Here's what the world looks like. Yeah, yeah. You know, like, I think the good thing about this is even if a lot of people are in that bucket where they're like, oh, it's bad and I don't want to hear the bad news— like, for example, my wife is vegan, and so she will, you know, if she's talking to her mom, right, her mom, when her mom was growing up, vegan wasn't a word. That wasn't a lifestyle. So, you know, she's now in her 60s. She doesn't— she's not going to change to being vegan. But she loves animals and cares about it, and so when she brings up, when my wife brings up this information, I'm like, "Do you know how that showed up on your plate? And do you know what, you know, how dairy works, right? Do you know how bad these systems are?" And her mom is just like, "I don't want to know.
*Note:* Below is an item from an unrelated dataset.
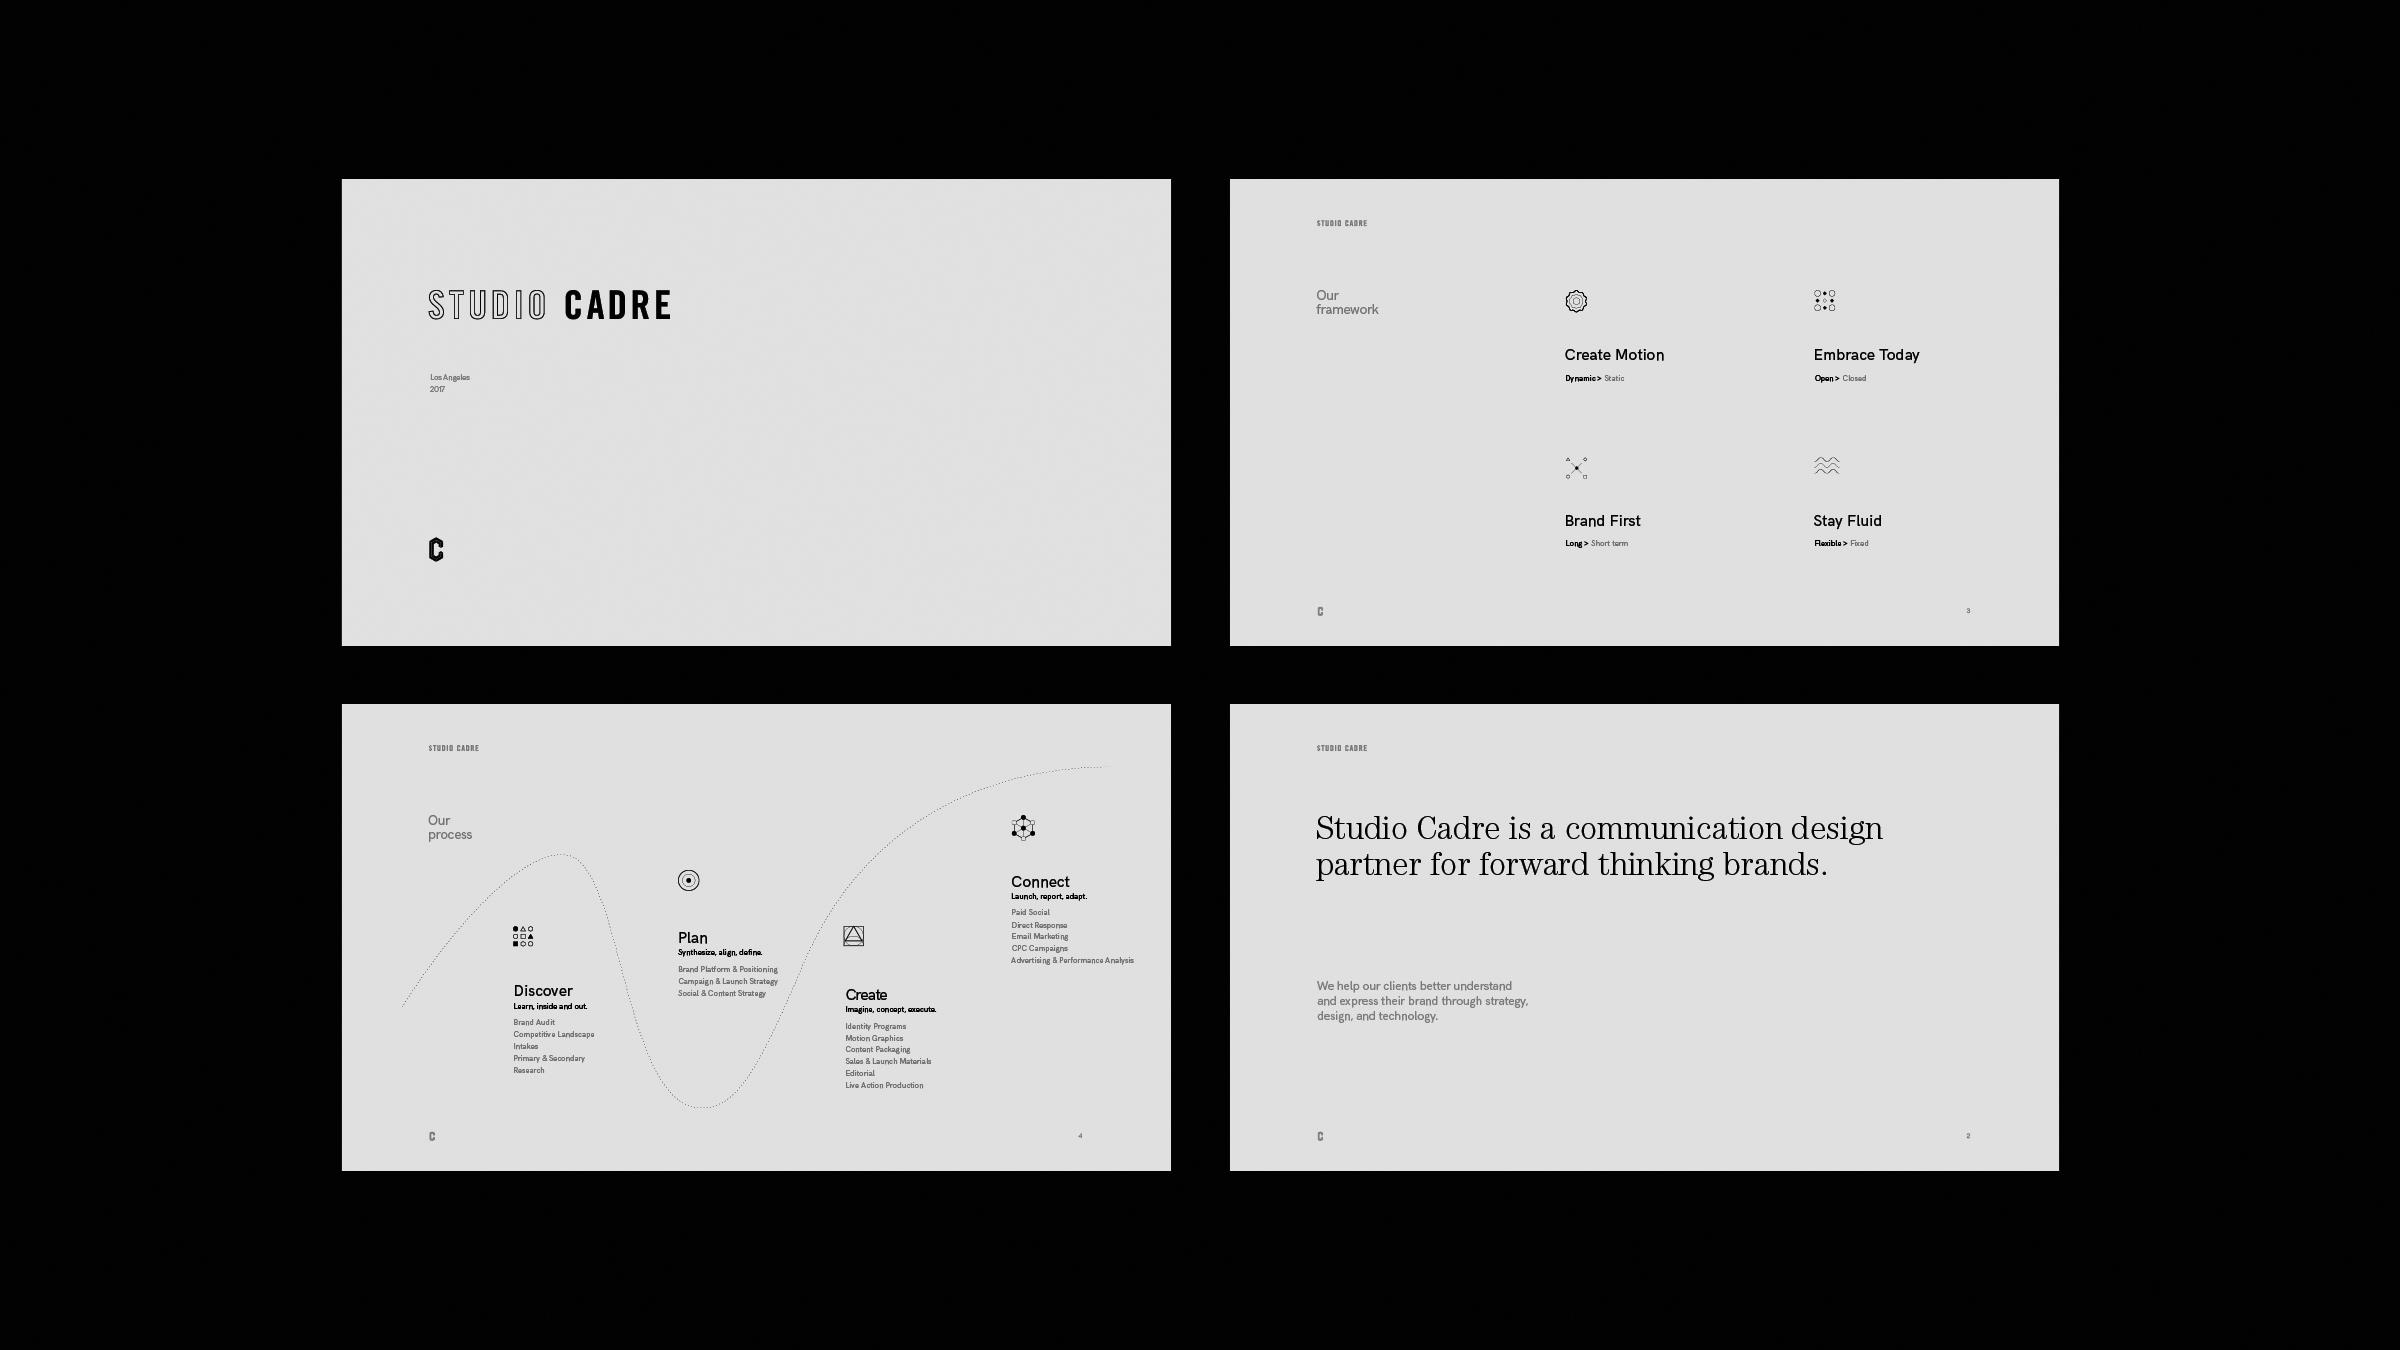 cadre-pres-sample.jpg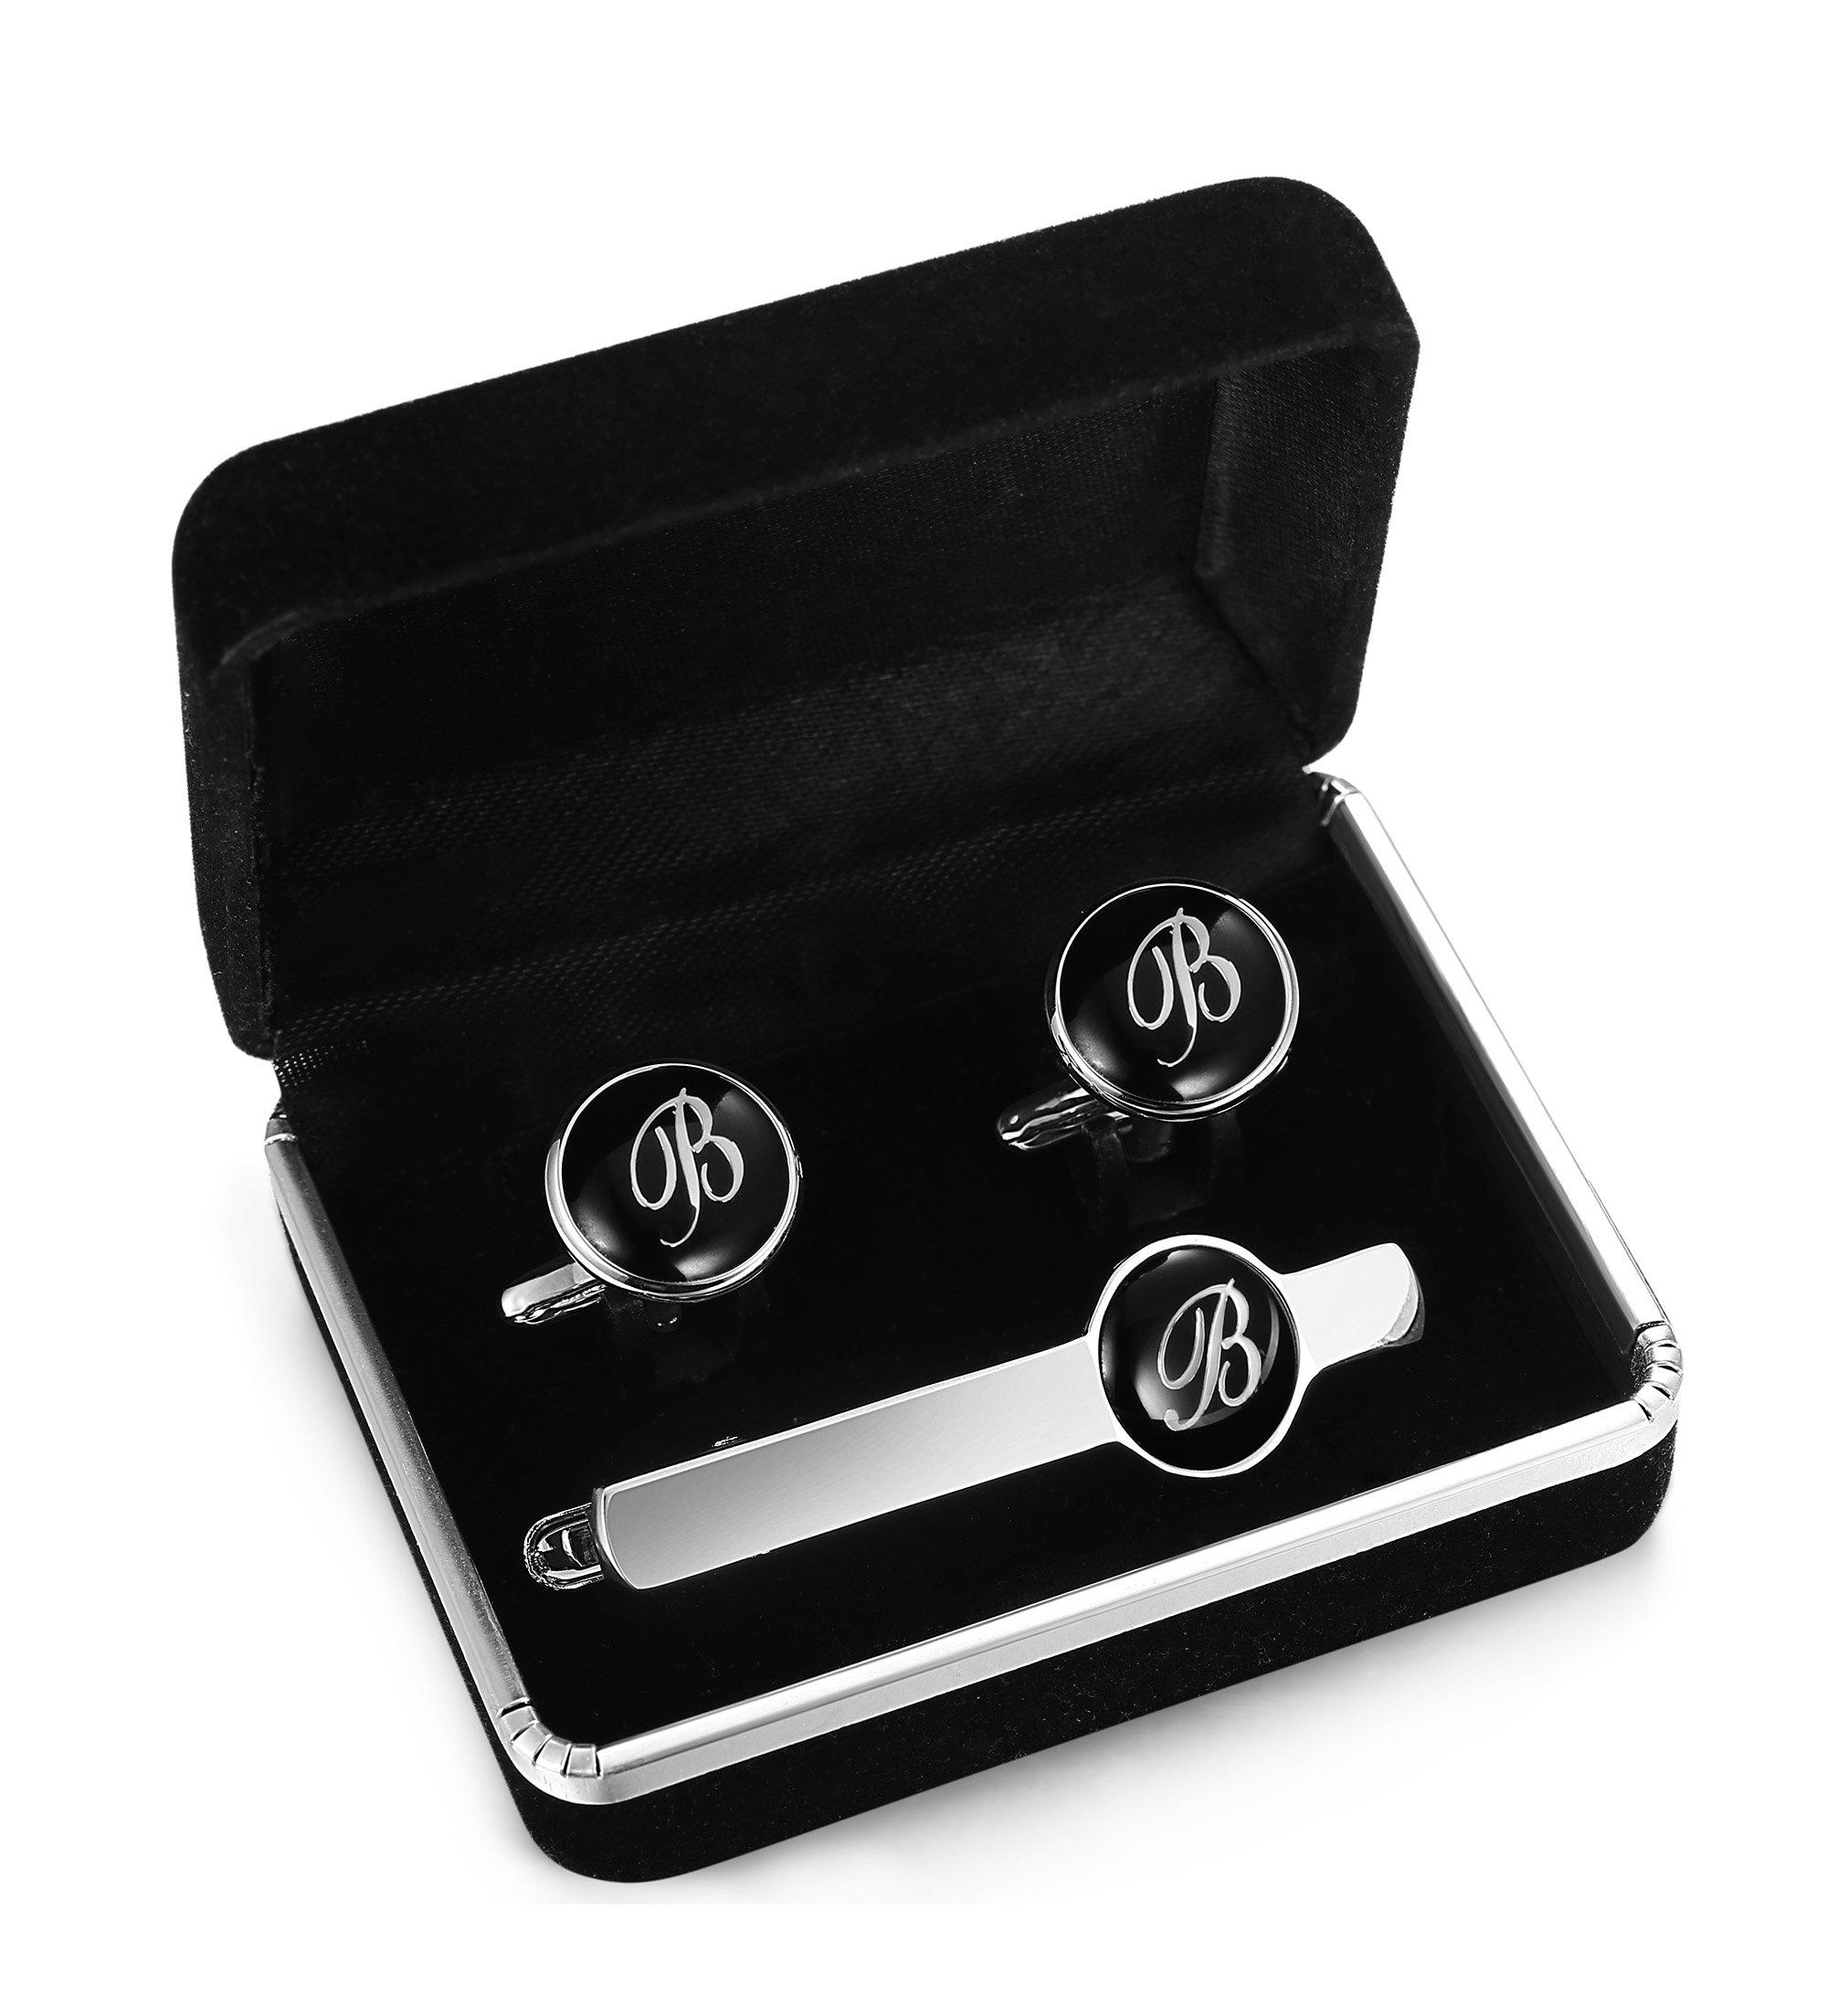 Jstyle Tie Clip and Cufflink Set For Mens Tie Bar Clips Cufflinks Shirt Wedding Business With Gift Box,Alphabet A-Z (Alphabet B)

Don't tell me. It's just going to ruin my day. Like, please don't tell me. I'm not ready to change, blah, blah, blah." But the thing with this is, this is a product where everybody is the total market, right? We're all humans on planet Earth, so even if it's just 5% of the population that actually would opt in to knowing this information, that's a huge number of people, and then they can sort of bring on that next wave of people who are looking to be more conscious, and that will just sort of cascade through the population over time. So maybe my initial thing was, it doesn't matter because there's enough people, the total addressable market is everybody, so there's enough people who would opt in to finding out this information. And then the other sort of interesting thing that you brought up was like psychology, right? So one of the guys who taught at, at the school I went to was this guy Dan Ariely, who's wrote a bunch of books like Predictably Irrational. He's sort of like the leader in kind of like behavioral economics, pop science.
I'm familiar actually, because it's commonly applied in approaches to menu in the food business and sales and things like that, right?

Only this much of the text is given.